If it were me, I wouldn’t keep repeating what wasn’t working.[/quote]
In my case, I tried switching it up. I went to barbell curls, EZ Curls, Cable curls etc. I’d come back to the DB curls a little weaker and eventually stall at 60 lbs again. Maybe it’s mental.[/quote]
try switching to hammers curls for a while go heavy maybe 6 rep max.
[quote]jwesus wrote:
I wouldn’t be concerned with lateral raise weight, more feeling the motion where it’s supposed to target. Maybe its time to switch to db raise? or cable raises? Are you doing anything for rear delts?[/quote]
I occasionally do reverse flies for rear delts, but it’s not a regular part of my routine.

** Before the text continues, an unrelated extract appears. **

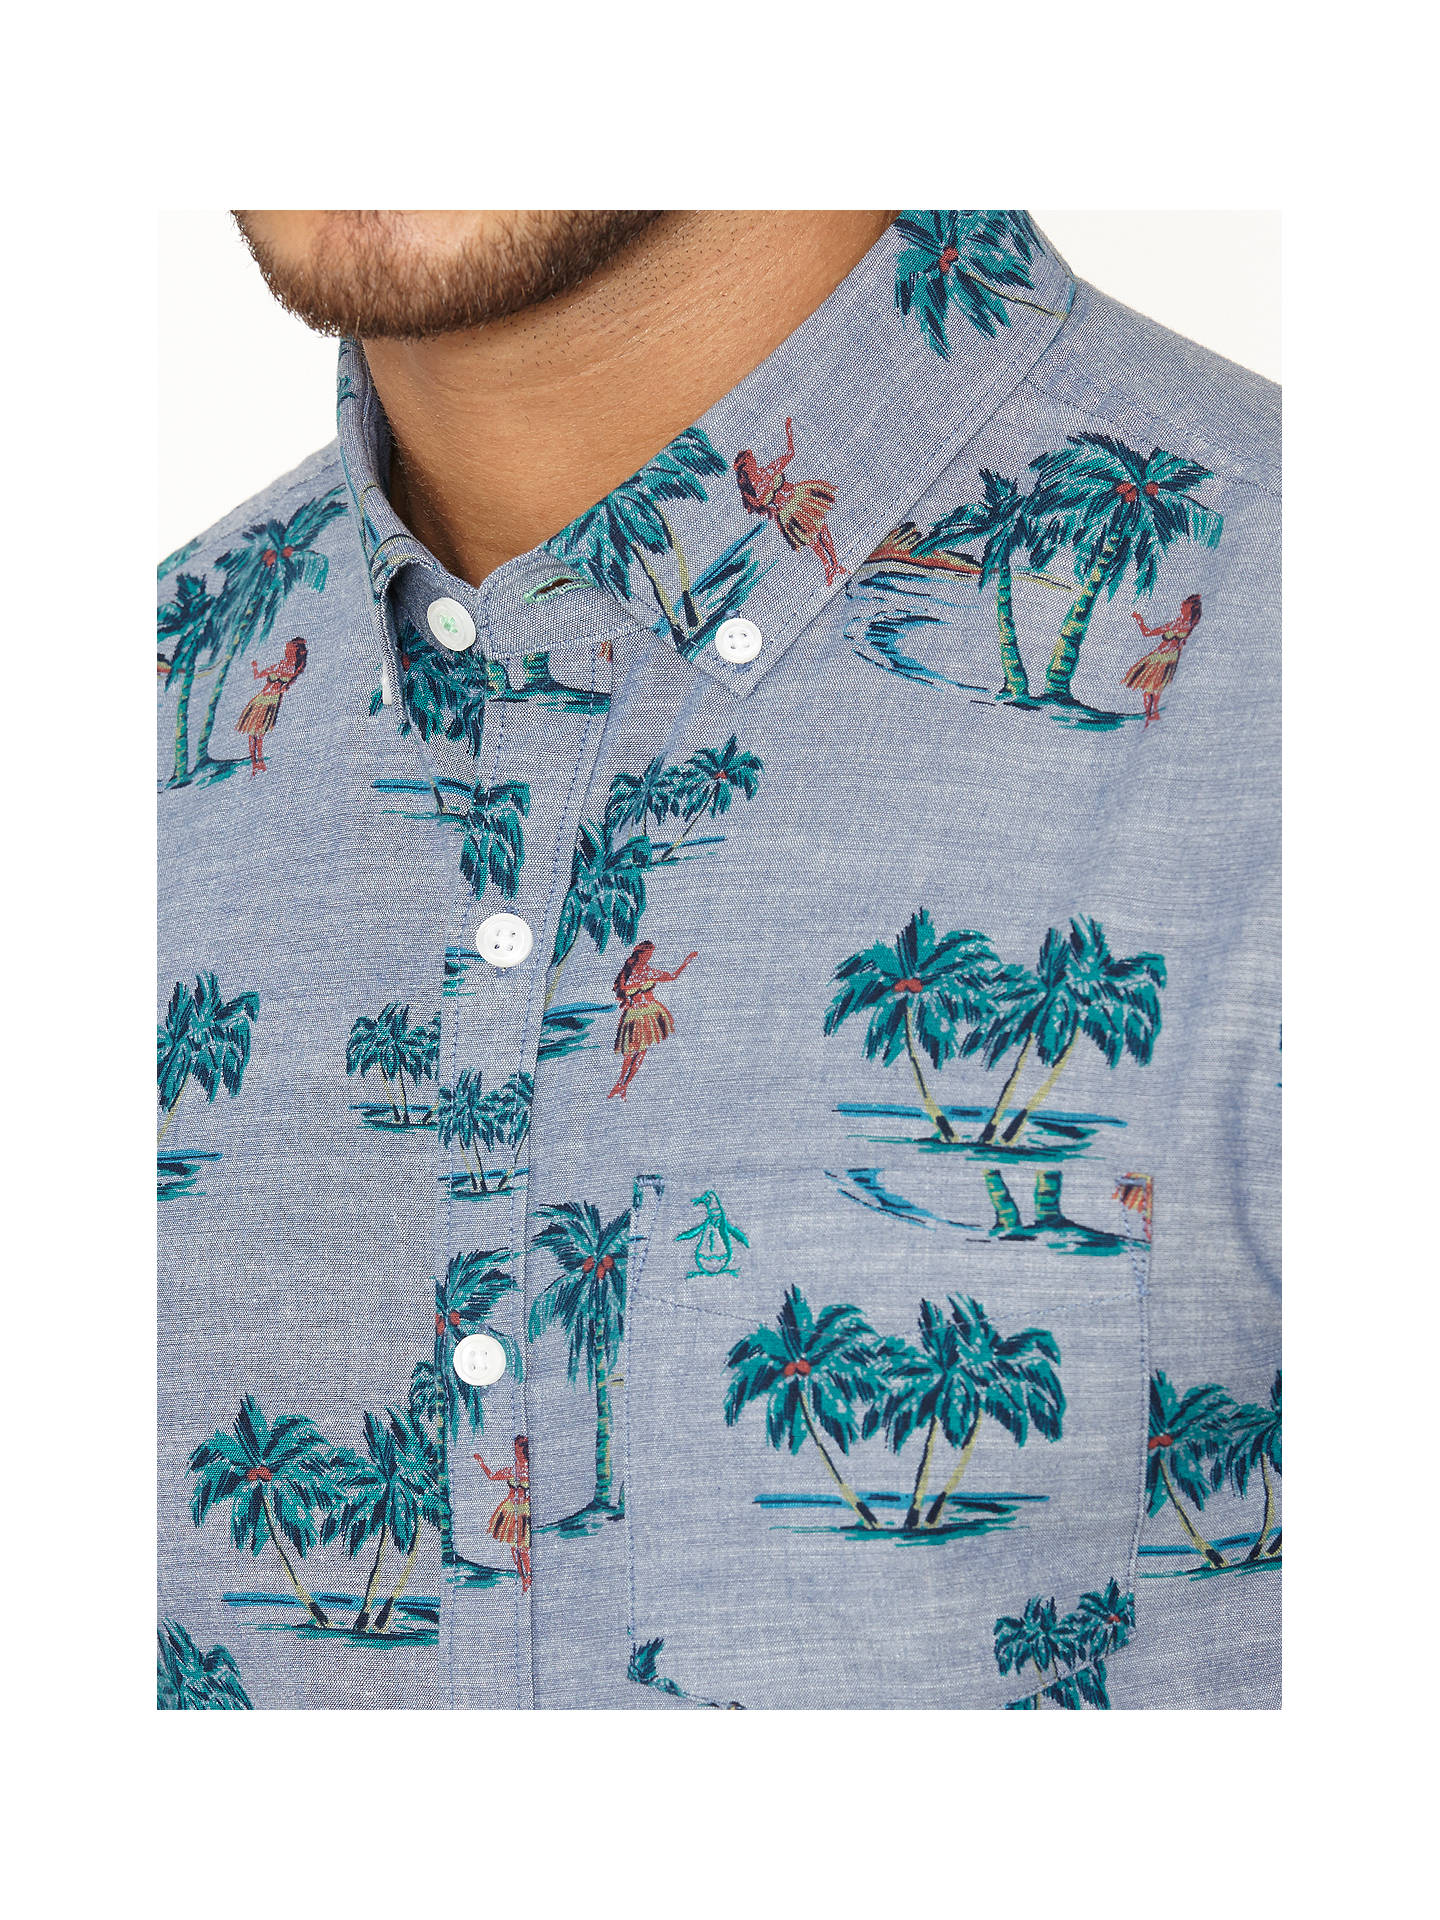 bd5d1e6d ... Buy Original Penguin Tropical Print Short Sleeve Shirt, Dress Blue, M  Online at johnlewis

It sounds like most people haven’t seen a lot of growth from isolated delt work?
[quote]jwesus wrote:
I wouldn’t be concerned with lateral raise weight, more feeling the motion where it’s supposed to target. Maybe its time to switch to db raise? or cable raises? Are you doing anything for rear delts?[/quote]
I occasionally do reverse flies for rear delts, but it’s not a regular part of my routine.
It sounds like most people haven’t seen a lot of growth from isolated delt work?
[/quote]
My shoulders are having dramatic improvements…My shoulder workout is all isolation exercises and if I press it’s the last movement I am doing…ton of lateral and cable variations…
Like Jwesus said, weight is of little concern, the contraction, feel, pump etc., is more important to me…Honestly besides my ego on the big compounds, weight doesnt matter much to me anymore…its all about the reps, control, form, contraction pump etc…I still lift heavy as hell though, dont get that wrong, you need both.